Yes, especially if you’re an elite athlete or serious weight lifter. Studies show that consuming protein along with sugar after strength training – also called resistance training – has “a powerful effect on stimulating muscle protein synthesis,” said William J. Evans, director of the Nutrition, Metabolism, and Exercise Laboratory at the University of Arkansas for Medical Sciences.
“Strength training causes muscle cells to be extremely sensitive to insulin,” Evans said in an e-mail interview. “Insulin stimulates muscle protein synthesis by increasing the transport of amino acids into the cells.”
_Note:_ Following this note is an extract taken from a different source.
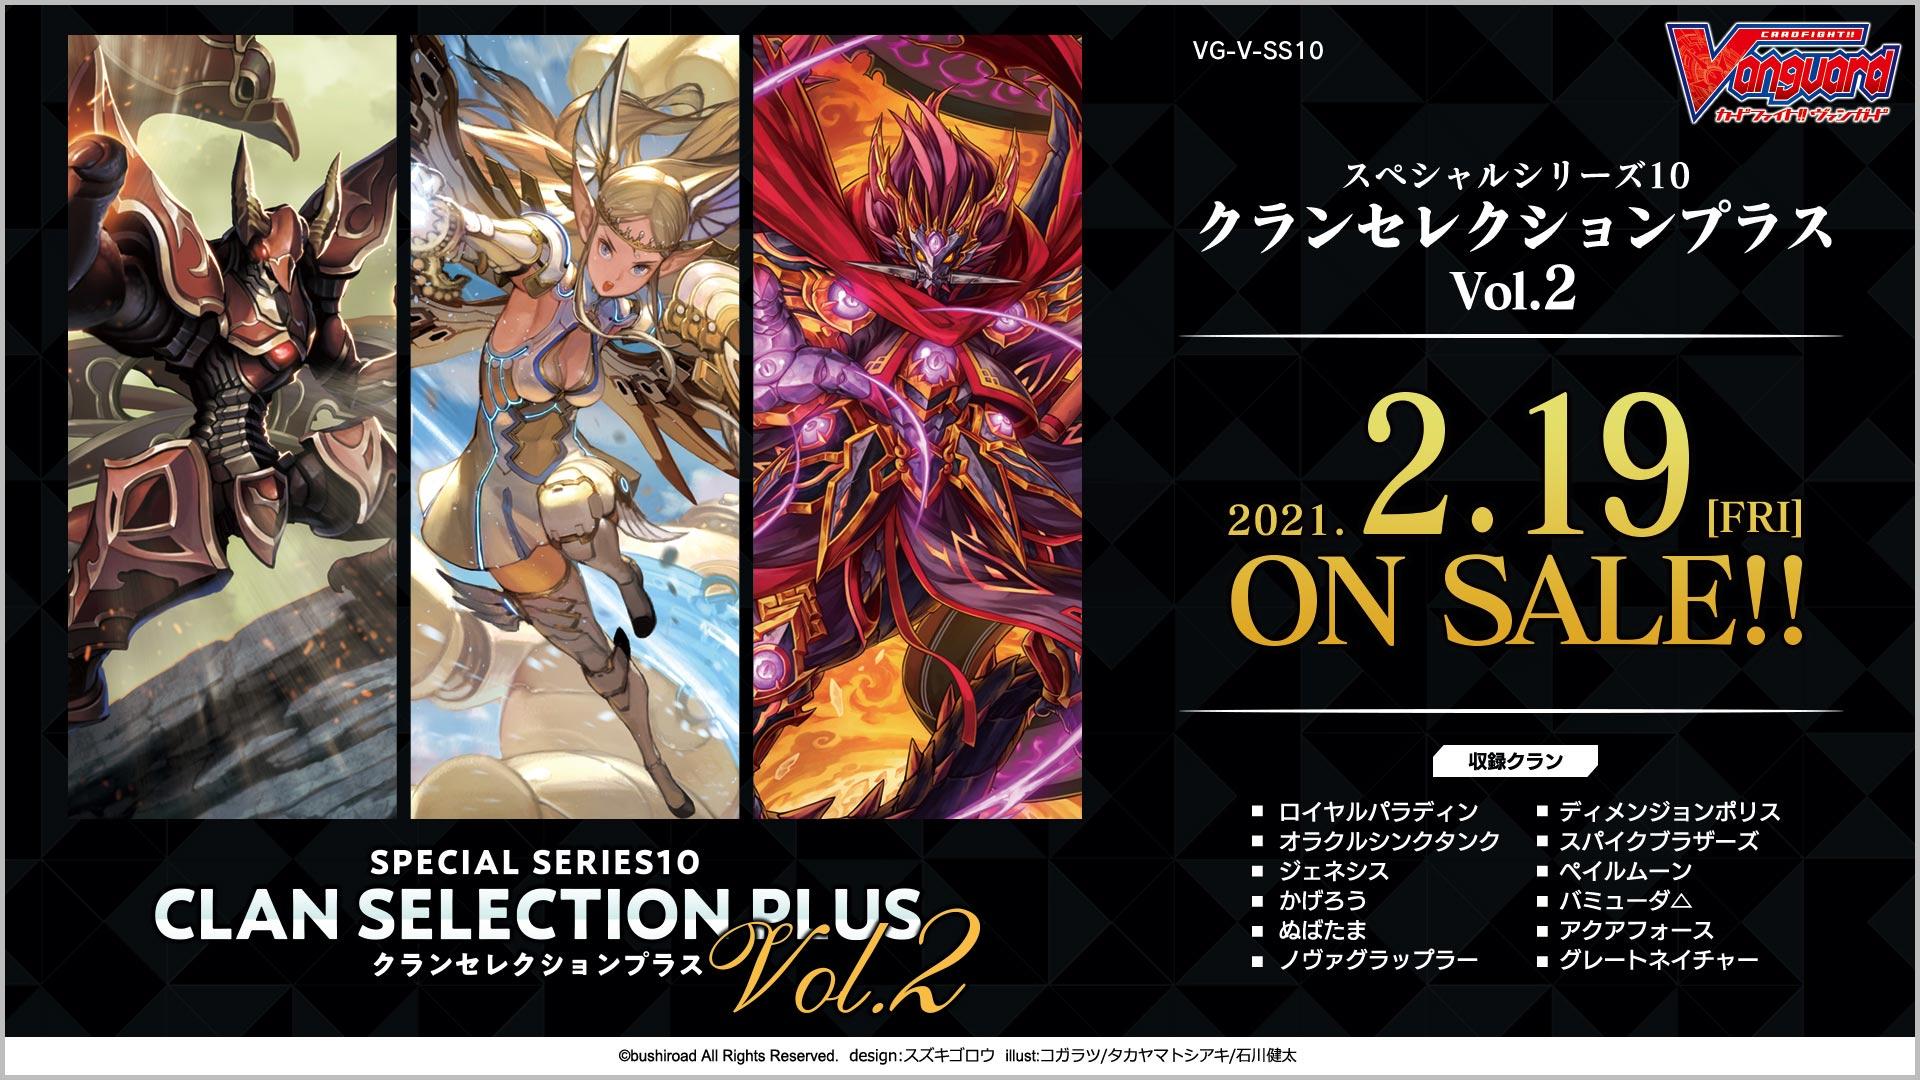 【V-SS10】「クランセレクションプラス Vol.2」
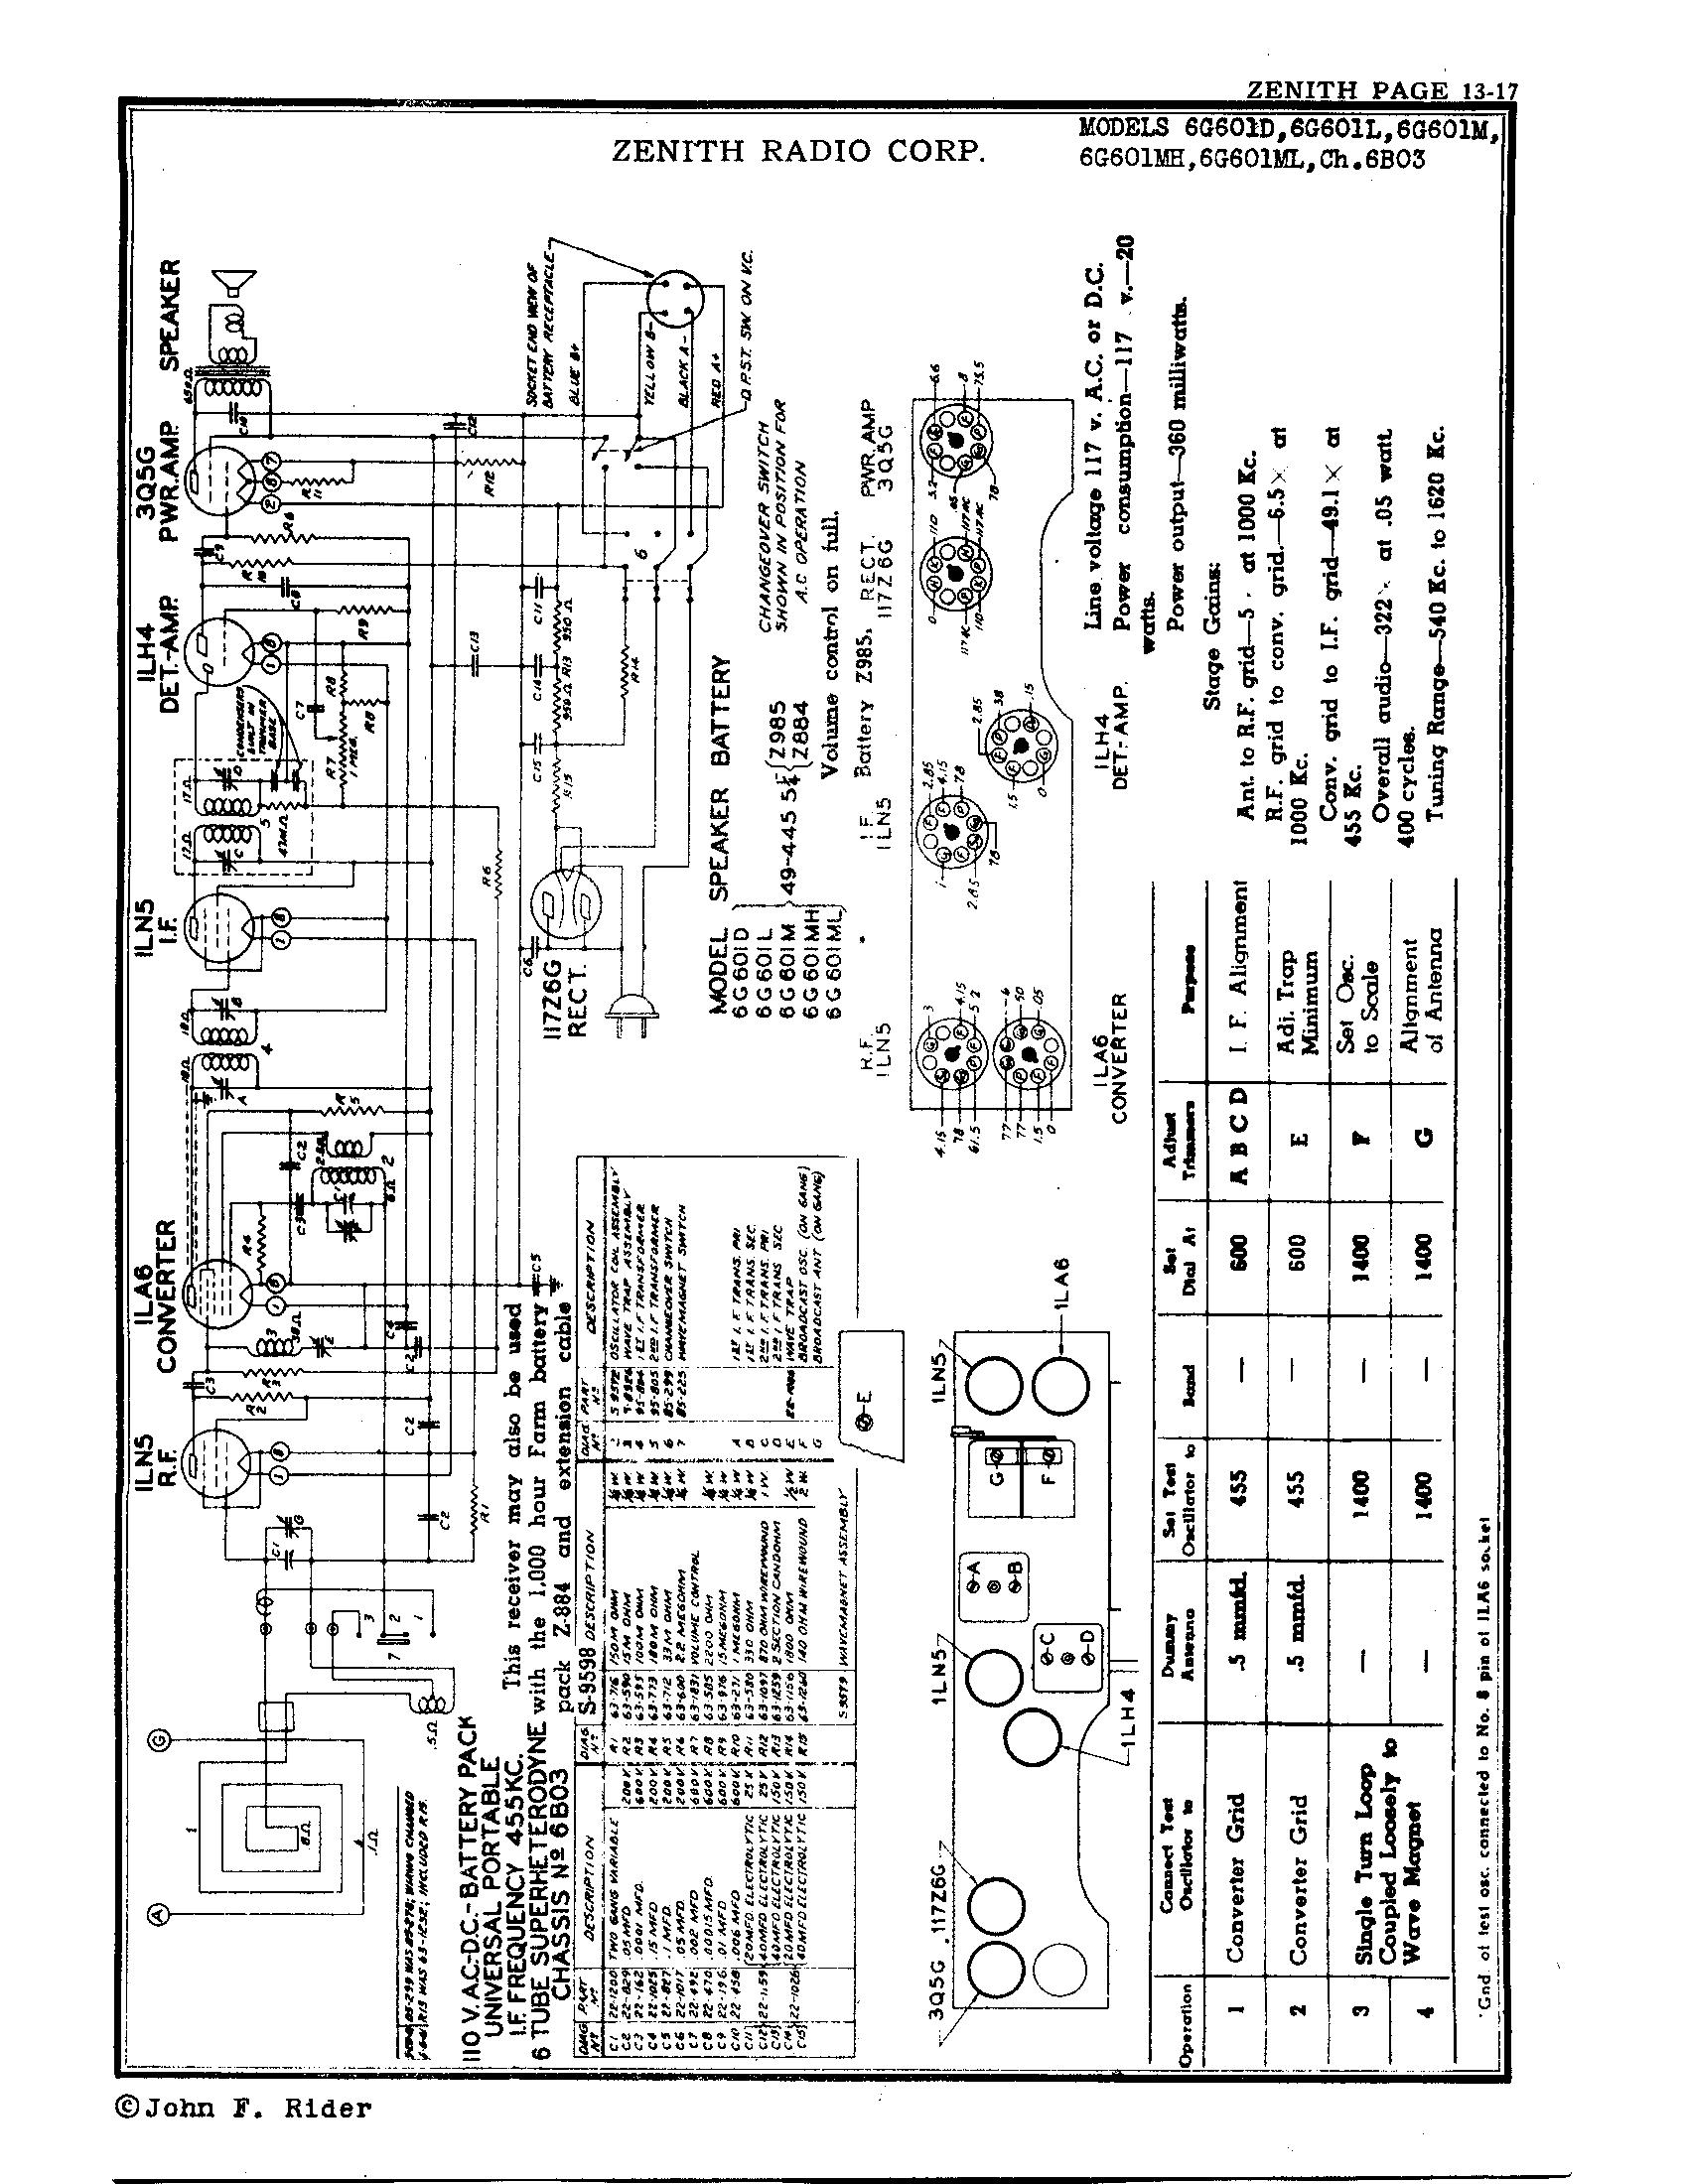 Zenith Schematics

But the “window of opportunity” for this synthesis is short-lived. “The protein should be consumed before, during, or within 30 minutes of completion of the exercise,” he said. And the protein should be of “high quality” – that is, it should contain all of the essential amino acids like whey, casein (a milk protein), or meat; in general, you should consume about 15 grams of protein along with 20 grams of sugar.
Eating extra protein is less important for people doing aerobic exercise; after an aerobic workout, the most important thing is to replace carbohydrates, to restore energy used during the workout, Evans said.
“For most people, a mixed meal of protein and carbohydrates is sufficient,” said Miriam Nelson, an associate professor of nutrition and physical activity at the Friedman School of Nutrition at Tufts University. “But for elite athletes, where microdifferences make a difference, extra protein is important.”
The simplest thing to remember, she said, is that, for most people, “you want to have a snack or small meal that’s rich in carbohydrates and protein within about 20 to 30 minutes of your workout.”